Data­base of stolen firearms launched

A new Gun Loss Regis­ter pro­vides peace of mind for po­ten­tial buy­ers and sell­ers via its search­able data­base

Sporting Shooter - - News -

‘This ini­tia­tive goes a long way to­wards safe­guard­ing the shoot­ing in­dus­try as a whole’

Buy­ing a gun, es­pe­cially sec­ond-hand from a pri­vate seller, can be a mine­field for a num­ber of rea­sons, but per­haps the last on many peo­ples’ minds is the fact that the gun you are buy­ing could po­ten­tially be stolen. This sticky sit­u­a­tion is not lim­ited to pri­vate ex­changes ei­ther, with gun­shops, auc­tion houses and deal­ers all at risk of com­ing into con­tact with stolen firearms.

In re­sponse to this is­sue, a new spe­cial­ist ini­tia­tive to help in­ter­ested par­ties check if a firearm has been stolen was launched in July. The Gun Loss Regis­ter is a search­able in­ter­na­tional data­base de­vel­oped over the past 28 years of more than 5,000 stolen firearms, from mod­ern­day guns to an­tiques. The ini­tia­tive pro­vides a sim­ple, ef­fi­cient and cost-ef­fec­tive way to check if a gun you are buy­ing is le­git­i­mately on the mar­ket or has been stolen.

The scheme is backed by the Art Loss Regis­ter, a sim­i­lar ini­tia­tive hous­ing the world’s largest pri­vate data­base of stolen art, an­tiques and col­lectibles that has re­cov­ered over £100mil­lion worth of stolen goods since 1990.

Con­duct­ing a search is sim­ple and af­ford­able. Users sim­ply sign up to the web­site, sub­mit the search query, and re­ceive an an­swer within 10 min­utes for sub­scribers or one work­ing day for non-sub­scribers. A search costs £10, or as lit­tle as £3 as part of a sub­scrip­tion to the ser­vice, mean­ing deal­ers or gun­shops can save money when con­duct­ing reg­u­lar searches.

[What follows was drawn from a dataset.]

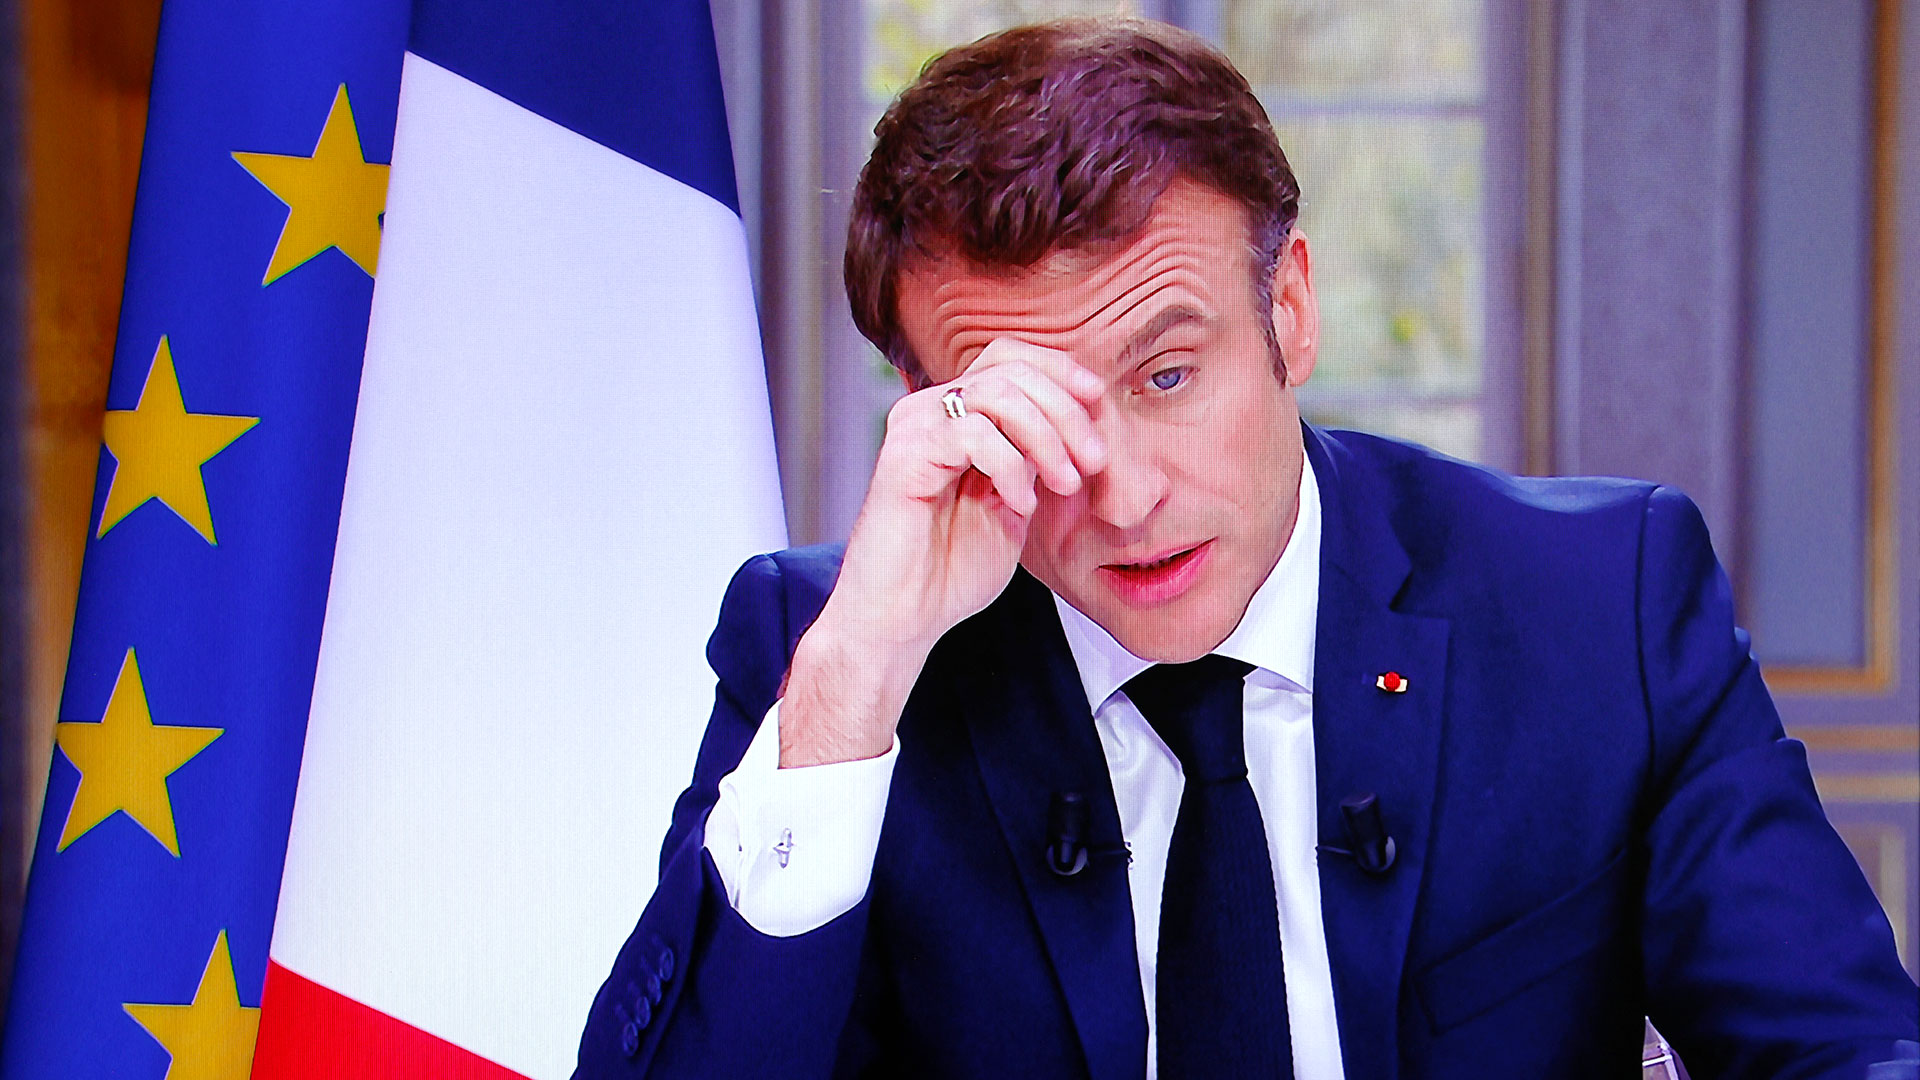 El presidente Emmanuel Macron elude la ira desatada en las calles de Francia tras la reforma de pensiones. Sin embargo, hay temor por la radicalización en la movilización de este jueves.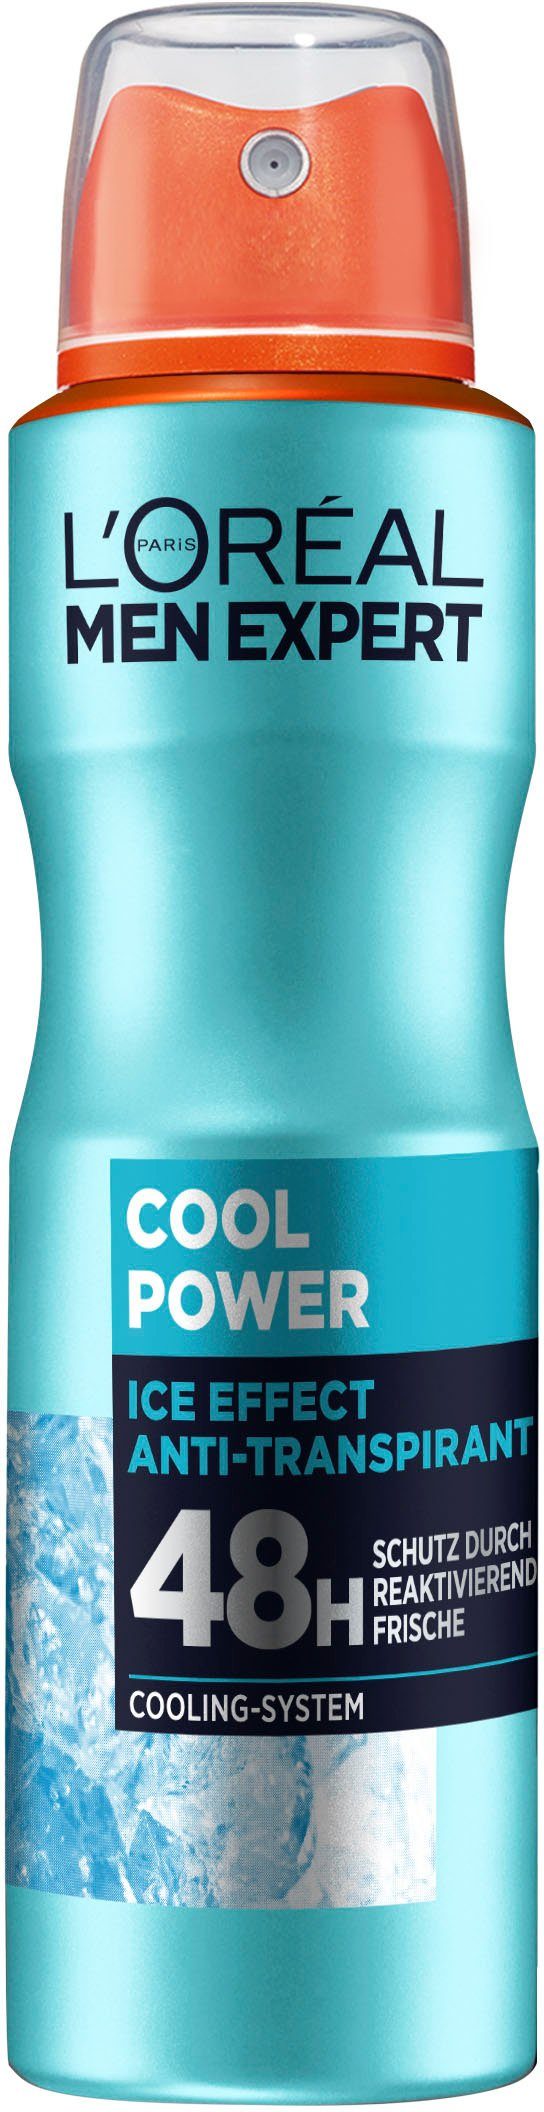 Cool Power, EXPERT PARIS L'ORÉAL Deo-Spray MEN mit 48H Cooling-Effekt

The great thing about this ini­tia­tive is that it is not just safe­guard­ing our own pock­ets and in­ter­ests, it is go­ing a long way to­wards safe­guard­ing the shoot­ing in­dus­try as a whole – cir­cu­lat­ing stolen firearms will never be a good look, and any­thing that dis­cour­ages theft and the per­ceived prof­its to be made should be whole­heart­edly sup­ported.

A ‘Royal’ re­ward

One no­table ex­am­ple of a valu­able gun be­ing re­cov­ered via the Gun Loss Regis­ter is the famed Hol­land & Hol­land ‘Royal’ dou­ble ri­fle, which was stolen in tran­sit. Taken into a shoot­ing school for val­u­a­tion and quickly iden­ti­fied as stolen, the Gun Loss Regis­ter ne­go­ti­ated a set­tle­ment be­tween the holder, po­lice, in­sur­ers and Hol­land & Hol­land to sort the sit­u­a­tion out. Daryl Greatrex, man­ag­ing direc­tor of Hol­land & Hol­land, said: “We wel­comed the as­sis­tance of the Gun Loss Regis­ter in the re­cov­ery of the ri­fle.”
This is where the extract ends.